Another way to evaluate potential cross-resistance in vitro is to examine the complete replication cycle of HBV inside cells. It has been demonstrated that HBV Pol has a stronger preference for binding ETV-TP than its natural dGTP substrate (30
) and that ETV-TP can inhibit the priming function of HBV Pol (30
). Because these properties are unique relative to 3TC, it was important to determine the potential impact of YMDD mutations on ETV inhibition in an assay which involves all the replication functions of HBV Pol. For this reason, cell culture antiviral assays were used to gauge the potential for cross-resistance to ETV. Another fact to consider is that YMDD mutations have been reported to reduce the replicative fitness of HBV in cells (26
), and this may have an impact on the outcome of viral replication assays which was not evident in enzyme inhibition assays. Because antiviral potency data reported in the literature for HBV vary significantly, two different cell culture systems were used to determine the effects of YMDD mutations on the antiviral potency of ETV. Similar results were obtained with either system, demonstrating that YMDD mutations conferred full resistance to 3TC but conferred no more than 20- to 30-fold cross-resistance to ETV.

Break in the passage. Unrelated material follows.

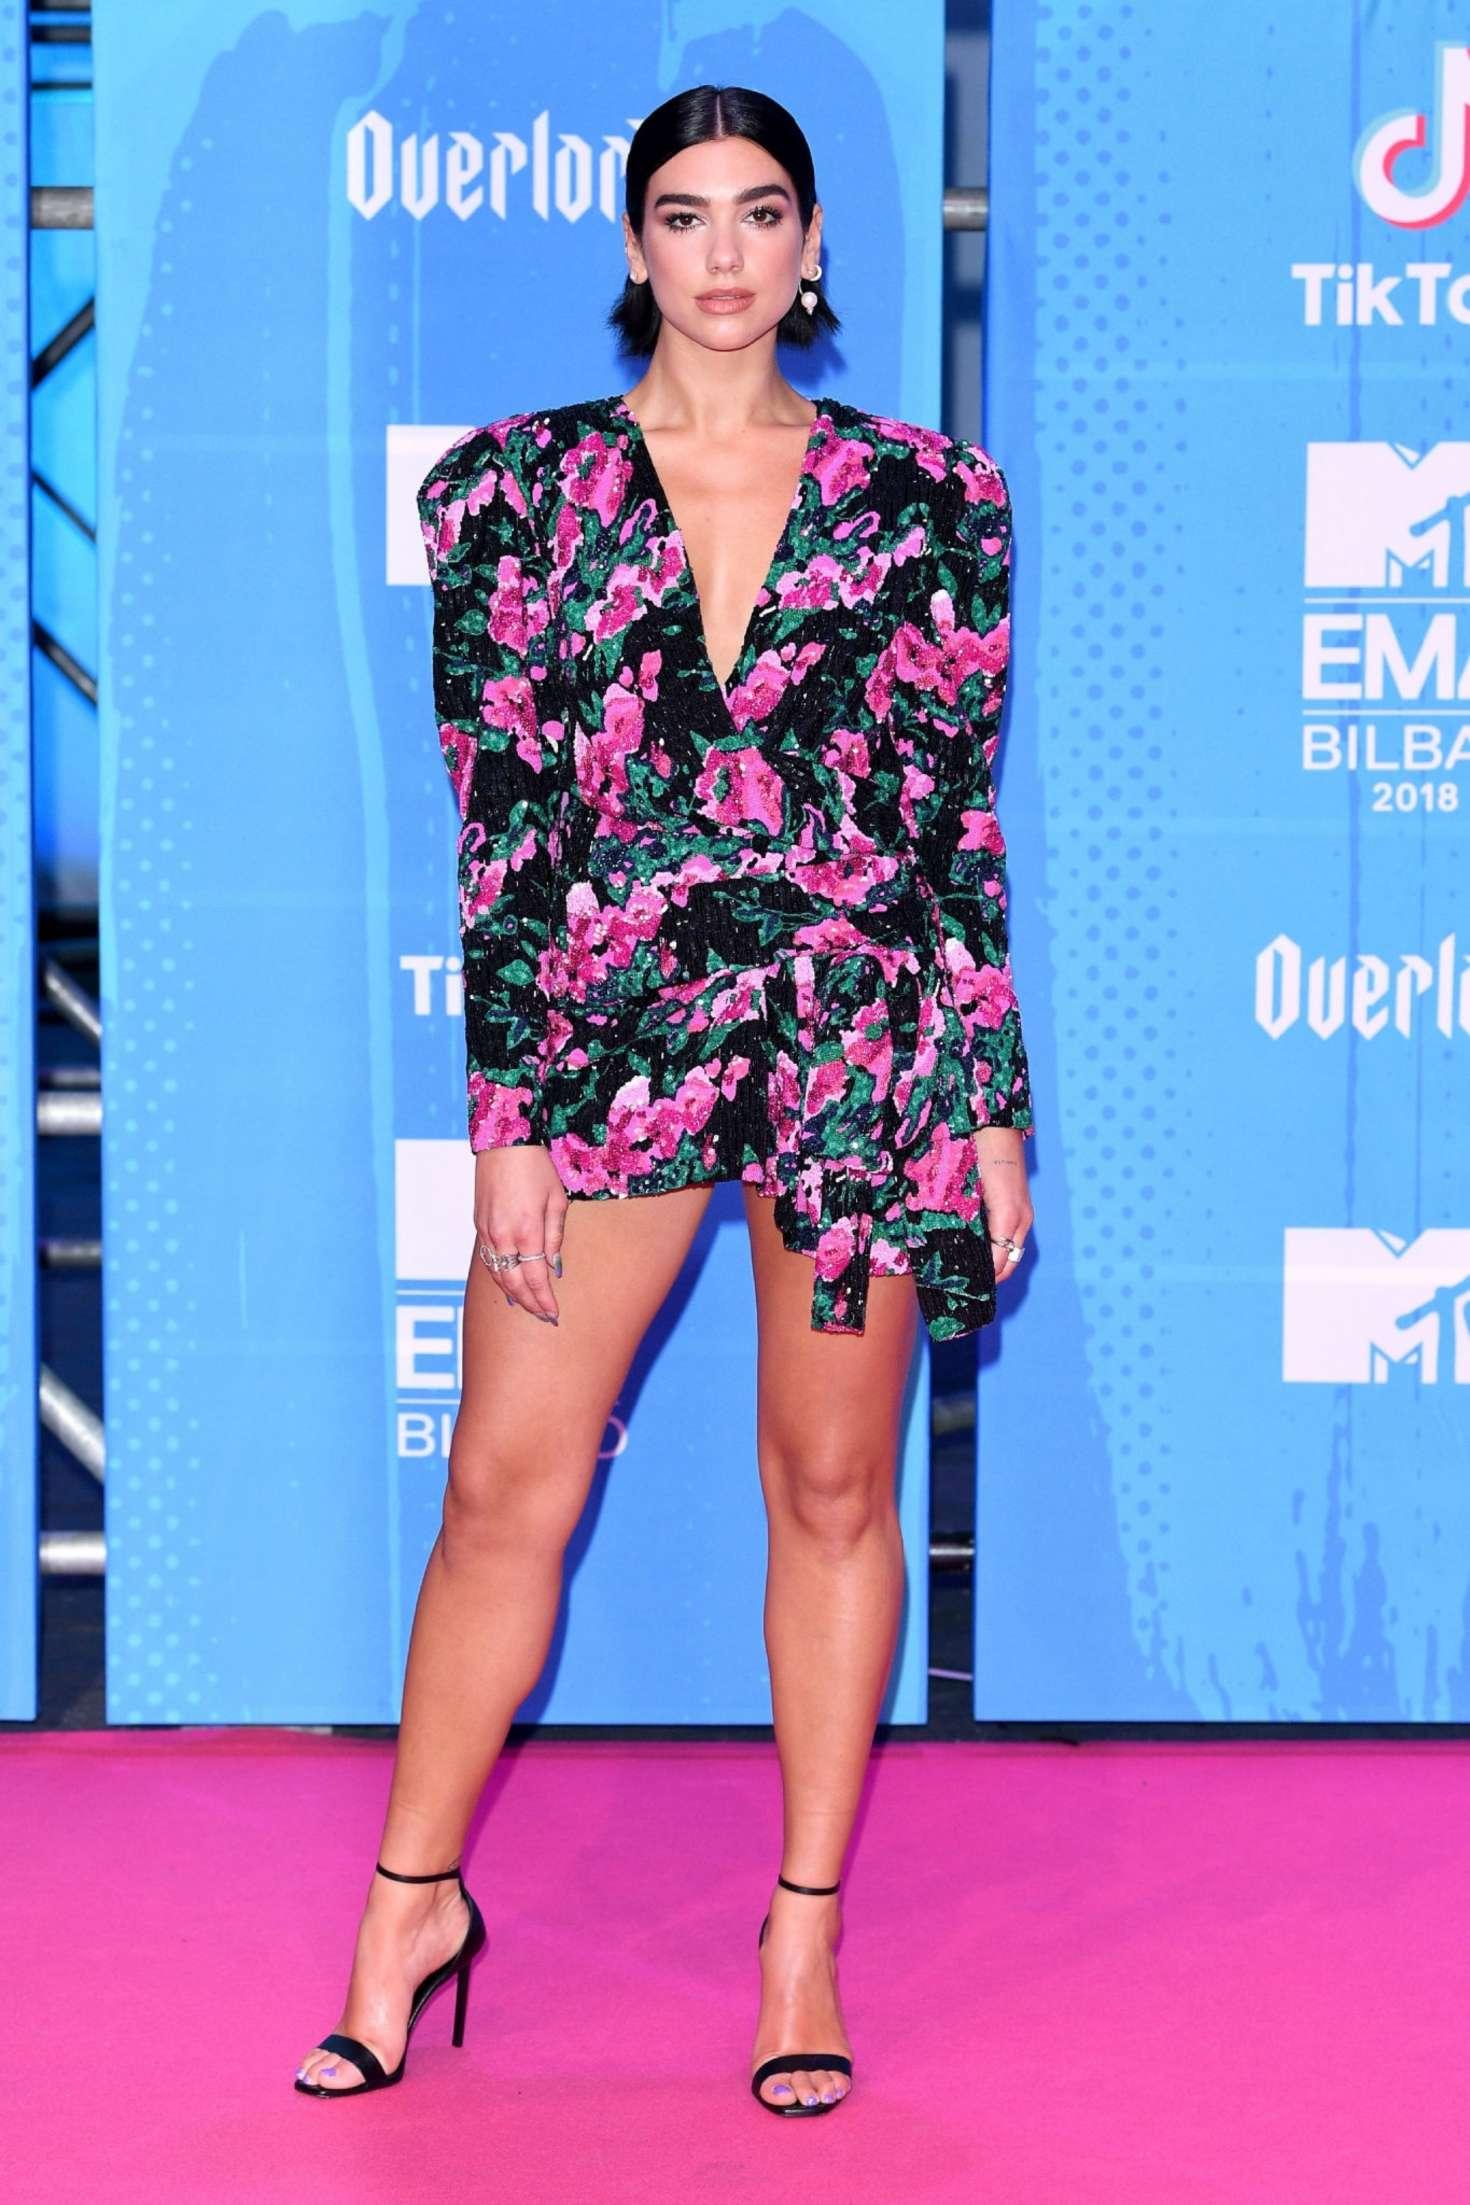 Dua Lipa - 2018 MTV Europe Music Awards in Bilbao

The in vitro data reported here are consistent with recent clinical studies demonstrating the efficacy of ETV for the treatment of chronic HBV infections (7
) and 3TC-resistant HBV infections (Tassopoulos et al., Hepatology 34:
340A, 2001). The combined results indicate that the presence of YMDD mutations have a limited impact on the antiviral activity of ETV. Because of its superior potency against these variants, the development of resistance during ETV therapy may take longer to emerge and require other, or additional, mutations in HBV Pol. As a result, ETV therapy in treatment-naive patients might be expected to suppress HBV DNA levels more than 3TC therapy, due to increased potency, and for a longer duration, due to the reduced emergence of viable YMDD variants. Greater suppression of HBV DNA levels by ETV was, in fact, evident in patients treated with a 0.5-mg daily dose, which led to a drop in HBV DNA of >4 log10
units at 22 weeks, a reduction of 1 to 1.5 log10
units more than that observed for 3TC (20
). The results presented here are encouraging and underscore the importance of monitoring HBV isolated from ETV-treated patients for the potential emergence of resistant HBV. They also point clearly to the development of ETV as a promising advance in the treatment of chronic HBV infections.